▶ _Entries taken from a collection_
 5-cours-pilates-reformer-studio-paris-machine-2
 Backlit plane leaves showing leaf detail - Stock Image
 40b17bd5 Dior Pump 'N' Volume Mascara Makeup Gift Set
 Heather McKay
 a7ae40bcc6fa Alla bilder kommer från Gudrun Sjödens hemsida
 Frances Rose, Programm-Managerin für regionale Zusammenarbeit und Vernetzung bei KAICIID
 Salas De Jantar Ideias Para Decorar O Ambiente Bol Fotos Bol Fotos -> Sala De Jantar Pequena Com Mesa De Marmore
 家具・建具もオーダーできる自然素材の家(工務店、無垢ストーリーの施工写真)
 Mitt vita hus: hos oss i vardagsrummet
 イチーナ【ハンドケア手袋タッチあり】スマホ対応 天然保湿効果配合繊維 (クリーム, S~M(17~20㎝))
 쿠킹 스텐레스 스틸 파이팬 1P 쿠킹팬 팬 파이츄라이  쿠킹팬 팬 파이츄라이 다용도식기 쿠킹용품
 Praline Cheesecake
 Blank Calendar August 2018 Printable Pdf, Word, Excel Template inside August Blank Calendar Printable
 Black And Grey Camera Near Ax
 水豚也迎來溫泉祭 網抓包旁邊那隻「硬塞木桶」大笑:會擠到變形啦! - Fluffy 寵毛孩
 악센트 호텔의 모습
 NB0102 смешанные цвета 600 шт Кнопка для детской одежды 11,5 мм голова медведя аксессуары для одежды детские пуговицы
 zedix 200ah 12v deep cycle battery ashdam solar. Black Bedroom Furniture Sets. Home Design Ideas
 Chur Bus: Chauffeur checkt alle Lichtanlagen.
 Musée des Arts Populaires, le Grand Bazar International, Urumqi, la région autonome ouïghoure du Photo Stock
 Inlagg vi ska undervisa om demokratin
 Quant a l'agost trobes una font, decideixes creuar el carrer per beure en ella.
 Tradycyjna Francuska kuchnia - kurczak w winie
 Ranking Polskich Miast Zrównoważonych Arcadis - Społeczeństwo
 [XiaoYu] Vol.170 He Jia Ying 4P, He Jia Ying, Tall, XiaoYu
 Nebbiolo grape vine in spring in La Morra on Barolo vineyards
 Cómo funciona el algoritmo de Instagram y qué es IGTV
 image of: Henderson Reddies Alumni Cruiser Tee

▶ _Instructions to follow_
Among the entries above, the line containing "Praline Cheesecake", the line containing "[XiaoYu] Vol.170 He", and all lines between them are to be restated word for word; nothing else belongs in the reply.

▶ _Answer section_
 Praline Cheesecake
 Blank Calendar August 2018 Printable Pdf, Word, Excel Template inside August Blank Calendar Printable
 Black And Grey Camera Near Ax
 水豚也迎來溫泉祭 網抓包旁邊那隻「硬塞木桶」大笑:會擠到變形啦! - Fluffy 寵毛孩
 악센트 호텔의 모습
 NB0102 смешанные цвета 600 шт Кнопка для детской одежды 11,5 мм голова медведя аксессуары для одежды детские пуговицы
 zedix 200ah 12v deep cycle battery ashdam solar. Black Bedroom Furniture Sets. Home Design Ideas
 Chur Bus: Chauffeur checkt alle Lichtanlagen.
 Musée des Arts Populaires, le Grand Bazar International, Urumqi, la région autonome ouïghoure du Photo Stock
 Inlagg vi ska undervisa om demokratin
 Quant a l'agost trobes una font, decideixes creuar el carrer per beure en ella.
 Tradycyjna Francuska kuchnia - kurczak w winie
 Ranking Polskich Miast Zrównoważonych Arcadis - Społeczeństwo
 [XiaoYu] Vol.170 He Jia Ying 4P, He Jia Ying, Tall, XiaoYu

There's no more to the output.